The distinction maps almost perfectly to problem type:
| Problem | Output schema known? | Right pattern |
|---|---|---|
| Infrastructure YAML from requirements | Yes – Terraform / Pulumi schema | Single structured call |
| CI pipeline config | Yes – GitHub Actions / GitLab schema | Single structured call |
| AdTech audience segment definitions | Yes – DSP segment JSON | Single structured call |
| Game NPC behavior config | Yes – engine-specific format | Single structured call |
| “Debug this production incident” | No – steps unknown | Agent |
| “Research and write a report on X” | No – scope open-ended | Agent |
Workflow problems tend to masquerade as agents – the rule above is how you tell them apart.
So when DO you use agents?
I’m not anti-agent. I use them daily even with that sprawl I mentioned earlier. But the ones earning their complexity are doing things like:
- Debugging production incidents where the number of log queries is unknowable upfront
- Research tasks that require deciding whether to go deeper or pivot based on what’s found
- Code generation tasks where the files touched depend on what the model discovers
- Choosing models based on the task at hand
Essentially anything where there is a need to act, observe, decide, repeat. That’s the right problem shape for an agent.
Everything else is probably a workflow – and a workflow with a tight schema is faster, cheaper, and easier to debug than any agent you’ll ship this quarter.
The meta-problem
I remember when microservices were kewl and the way forward was to break a monolith into services to minimize complexity per unit. But that ended up creating a distributed monolith that has all the downsides of both. Service A can’t deploy without Service B, every change ripples through a tangle of APIs, and you now have network latency on top of your original problems.

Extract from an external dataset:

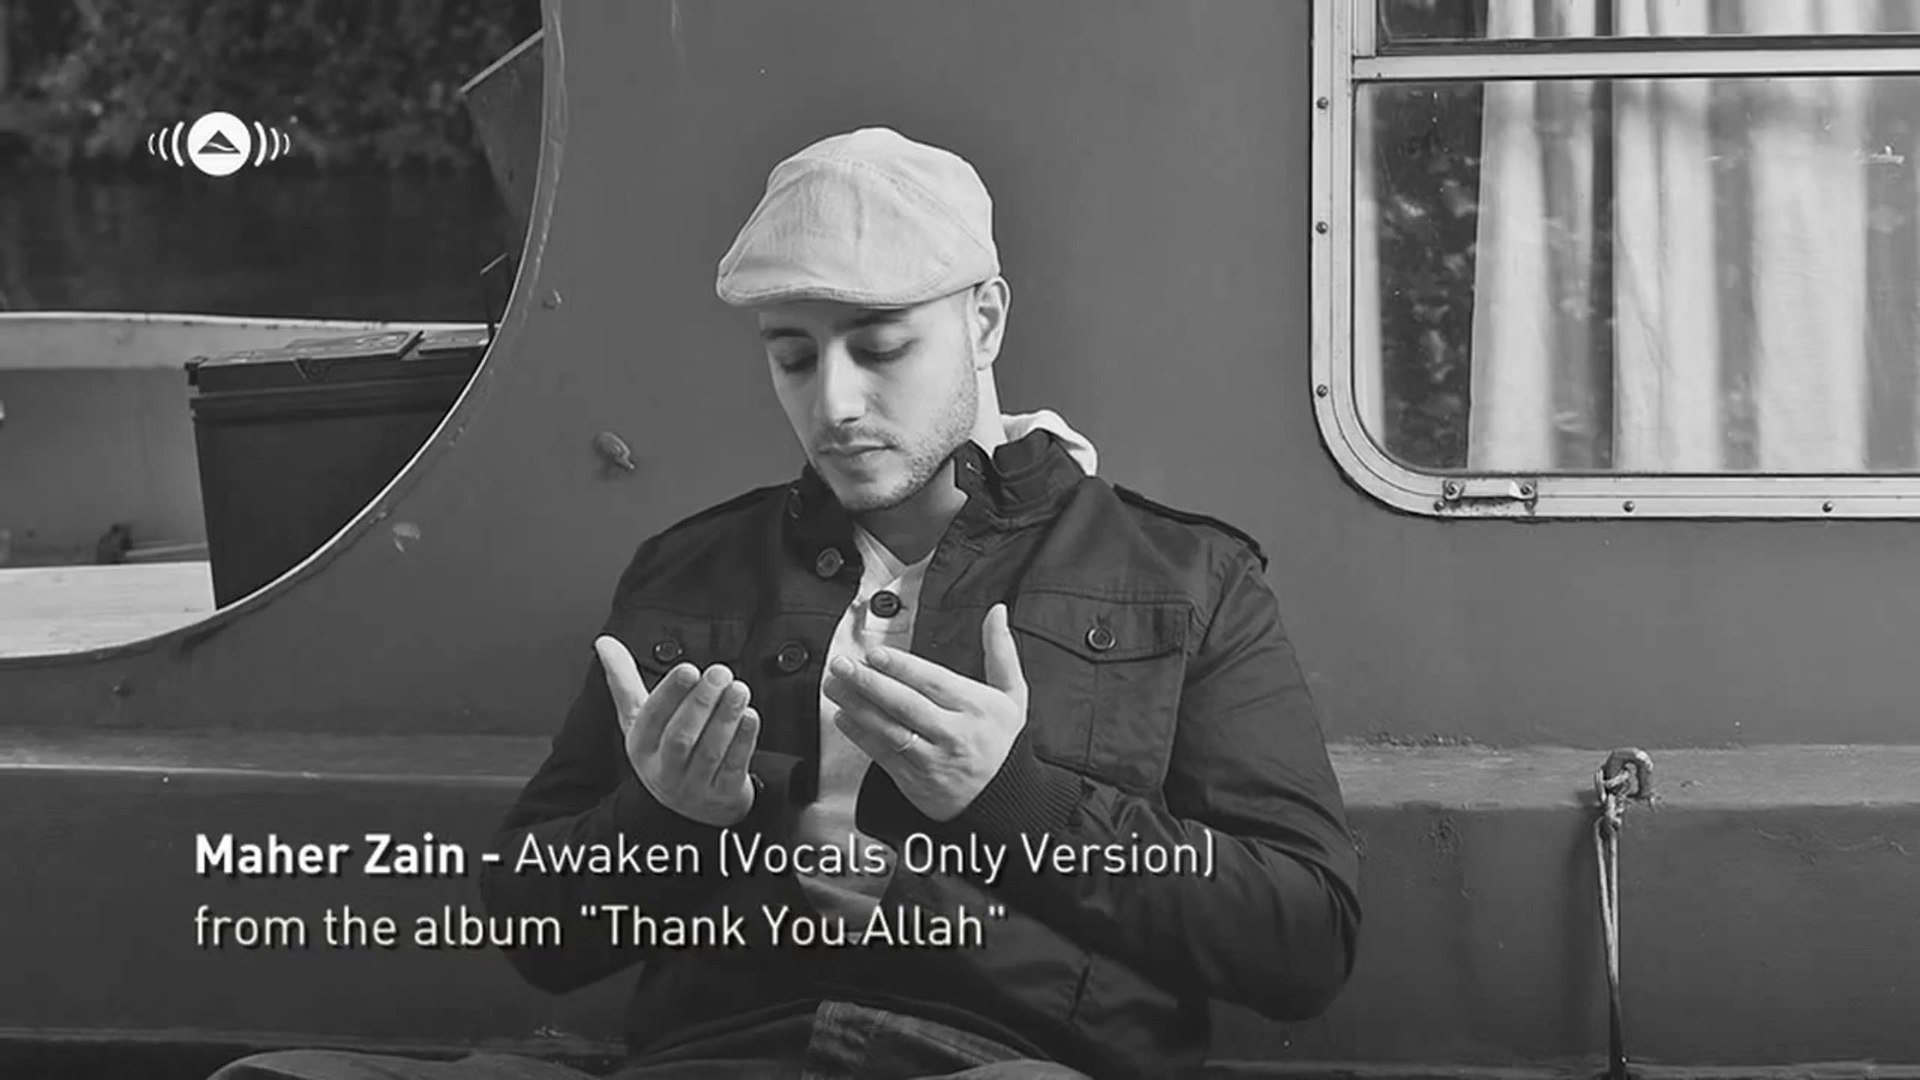 Maher Zain - Awaken   Vocals Only (Lyrics)

Agent-sprawl is teaching us the same lesson about LLM calls. Wrapping a single inference call in a multi-step agent loop sounds sophisticated. You get orchestration, delegation, tool use, the whole agentic buffet that is “LinkedIn-influencer-certified”. But what you actually ship is an agentic single call: a system with all the unpredictability of agents and none of the flexibility that justifies them. This is trading determinism for the illusion of intelligence.
The engineers I’m seeing ship reliable LLM-powered systems always ask “do I actually need the model to decide what to do next?” and mostly say no when they know it’s not needed.